> Work instructions: No pictures, nothing altered: return the data below.

> Dataset excerpt:
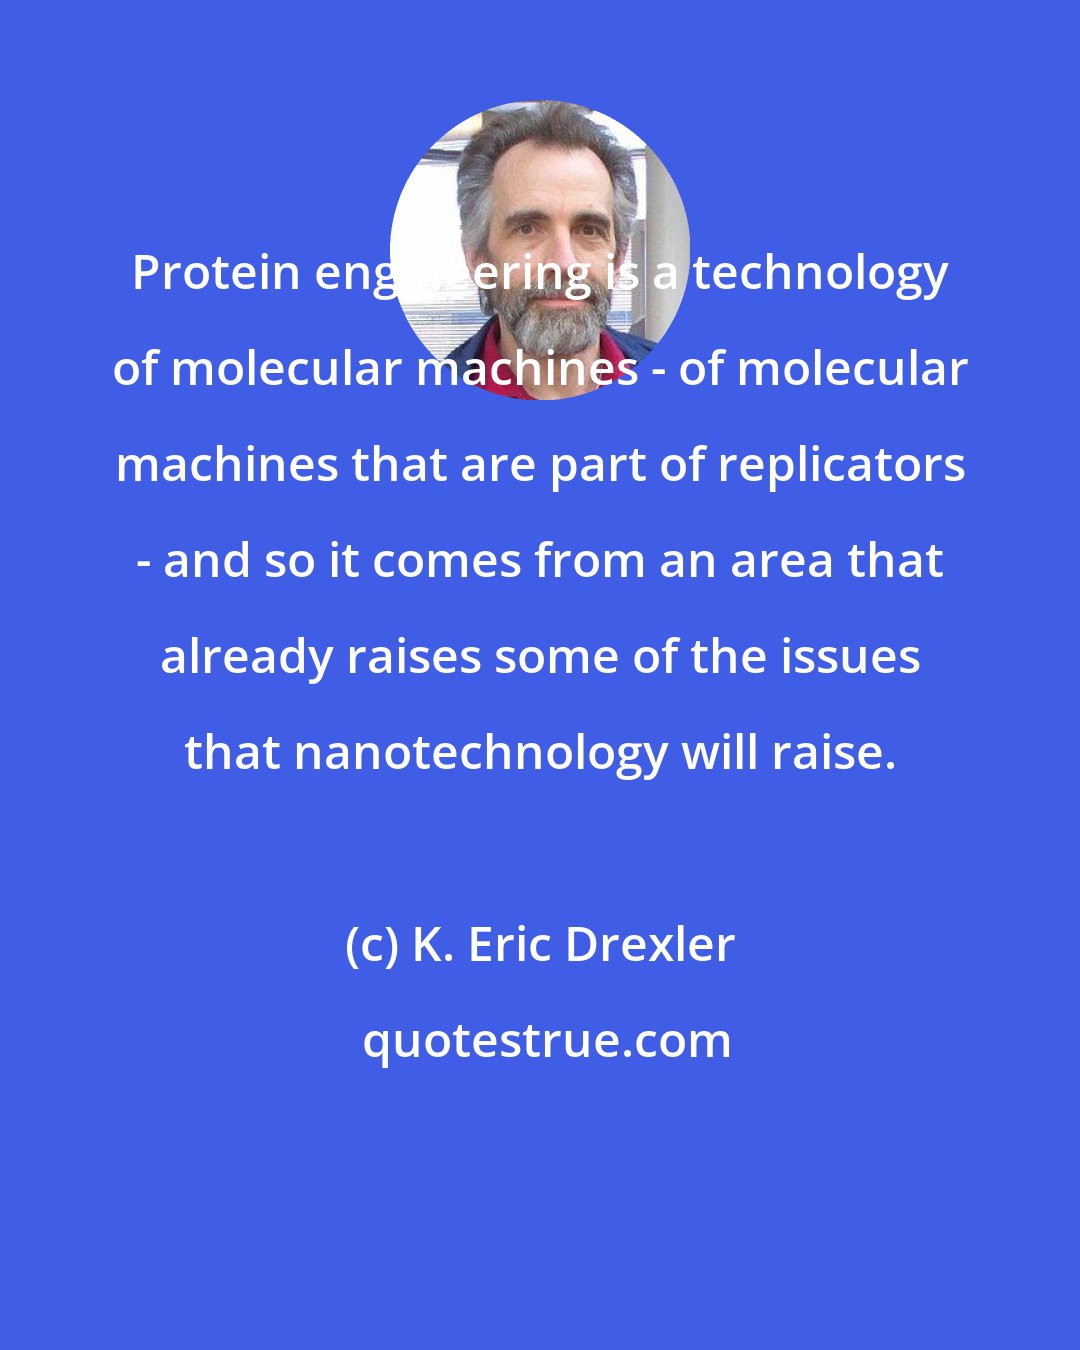 K. Eric Drexler: Protein engineering is a technology of molecular machines - of molecular machines that are part of replicators - and so it comes from an area that already raises some of the issues that nanotechnology will raise.
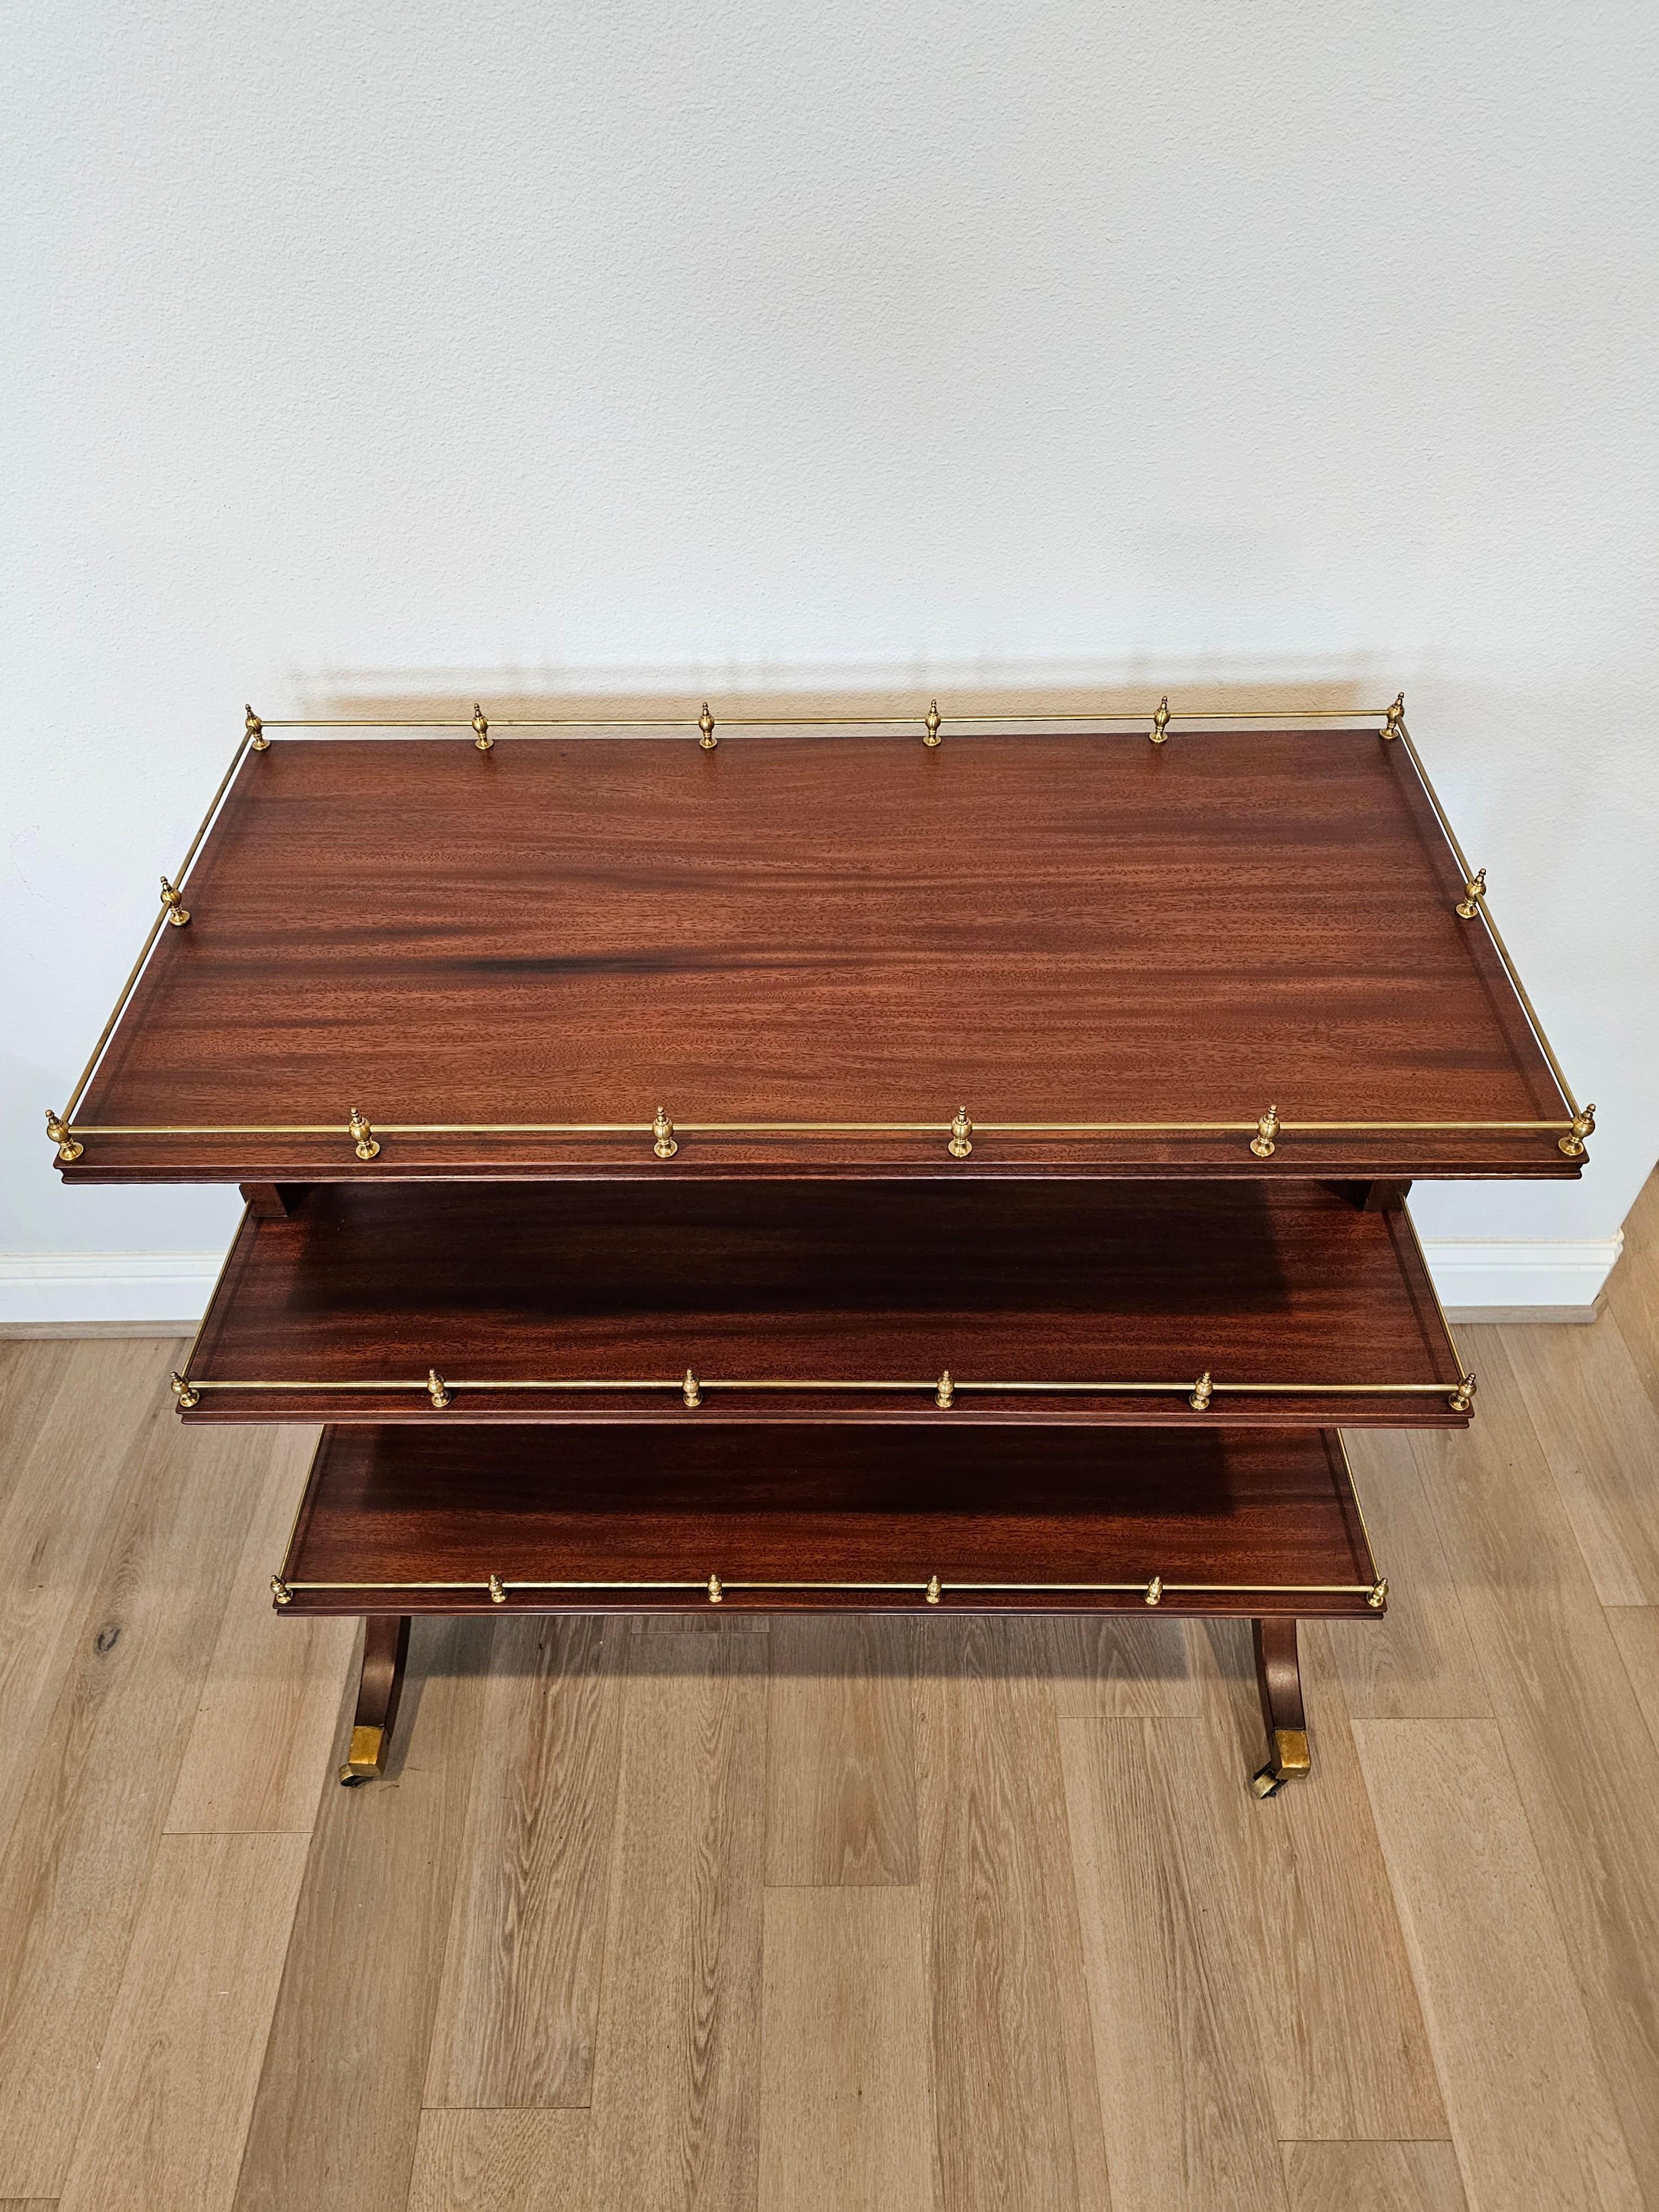 A early 20th century American three-tiered mahogany drinks trolley dessert server signed Marlboro Manor
Fine Furniture by H. Sacks & Sons

Finely hand-crafted in the United States, circa 1920s-1930s, featuring three beautiful richly grained

> Result of this task:
 K. Eric Drexler: Protein engineering is a technology of molecular machines - of molecular machines that are part of replicators - and so it comes from an area that already raises some of the issues that nanotechnology will raise.
 A early 20th century American three-tiered mahogany drinks trolley dessert server signed Marlboro Manor
Fine Furniture by H. Sacks & Sons

Finely hand-crafted in the United States, circa 1920s-1930s, featuring three beautiful richly grained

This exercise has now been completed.